# How to determine front-of-center (FOC) for arrows.



## Oxford

*How to determine front-of-center (FOC) for arrows.*
*
F.O.C. Guidelines*
http://www.socalarchery.com/Information/front of center.htm

Fine tuning arrow flight by using FOC. (Front of Center). This method of fine tuning is something that not everyone knows about, but should. By determining your arrows FOC percentage, you will be able to make changes/adjustments to help increase arrow flight stability and range.

In order for an arrow to fly correctly, with the point in the lead and the fletching following, the center of mass must be located somewhere between the tip and the middle of the arrow shaft. If the center of mass is located close to the tip, the arrow will have good stability but will drop quicker because of the heavy nose. However, if the center of mass is located close to the center of the shaft, the arrow will have good range, but arrow flight may be unstable. As you can see the trade offs here are stable arrow flight vs. arrow range. The object is to find a happy medium that will allow you to have the best of both worlds.

The balance of an arrow can be modified by adding weight to either the front or the rear of the shaft as needed. Heaver vanes, for example, increase the weight of the rear portion of the arrow. Changing points can add weight to the front of the arrow.

There is no perfect F.O.C. for each setup.

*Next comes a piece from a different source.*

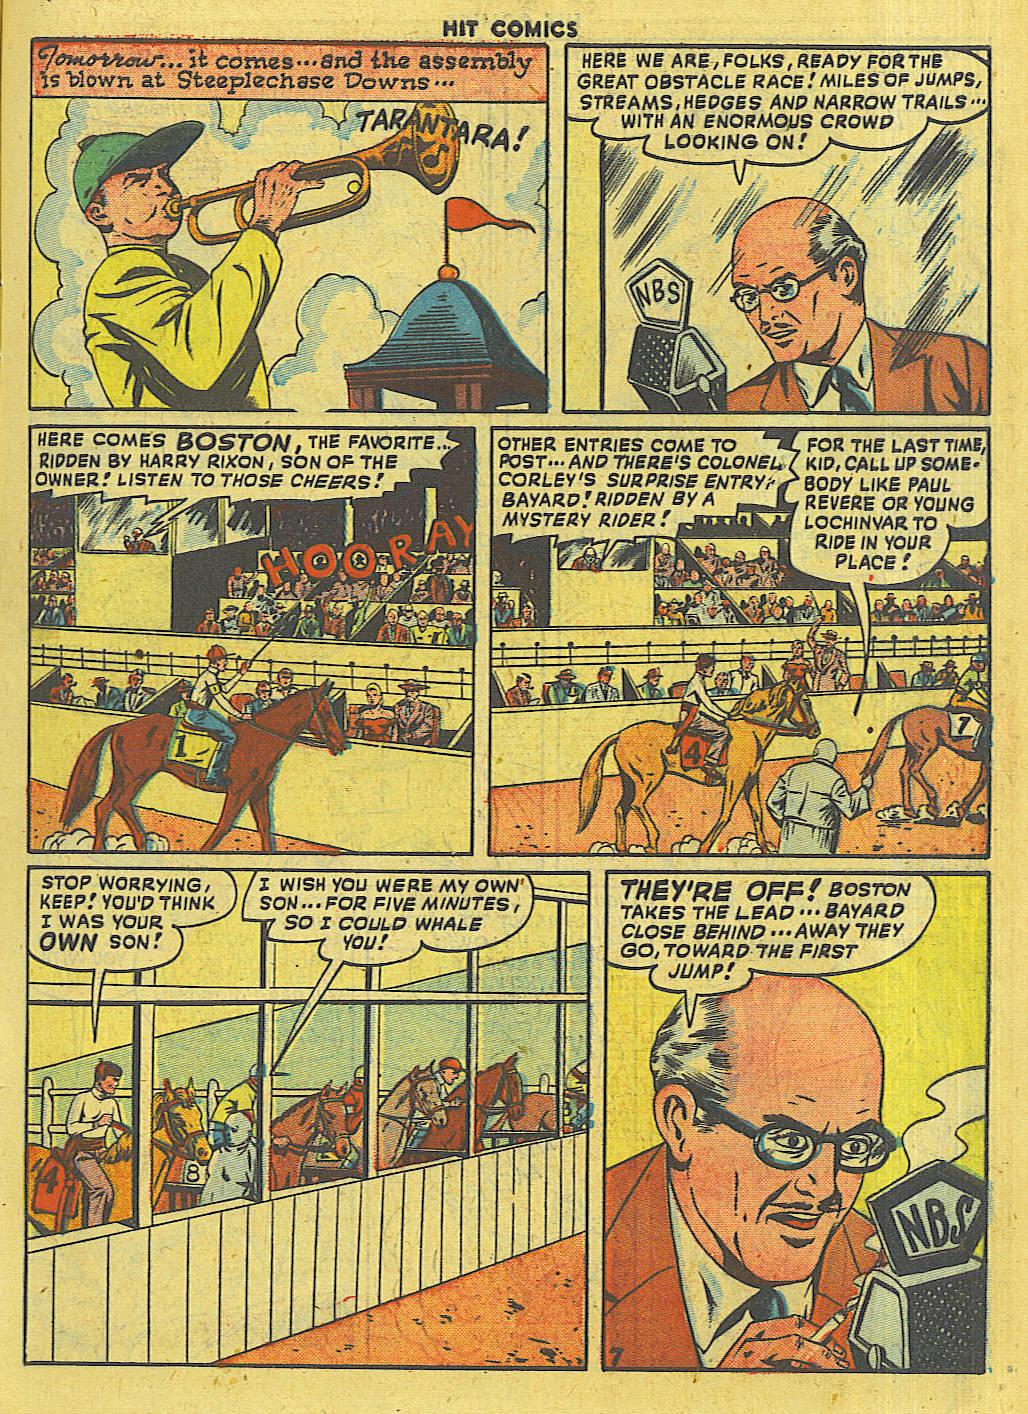 Read online Hit Comics comic -  Issue #56 - 9

Here are some starting points.

Common F.O.C.s for each style of archery.

FITA 11-16%

3-D Archery 6-12%

Field Archery 10-15%

Hunting 10-15%


*Example FOC Calculation*

Balance Point Length 17.25”

Arrow Length 28”

Arrow Length / 2 14”

(17.25-(28/2))*100/28 = 11.6%

17.25-14 =3.25

3.25*100= 325

325/28=11.607%

If you would like to use Excel here is the formula: =SUM(17.25-(28/2))*100/28

To change a fraction to a decimal divide the lower number into upper number.

Example 5/16 divide 16 into 5 and you get .3125


----------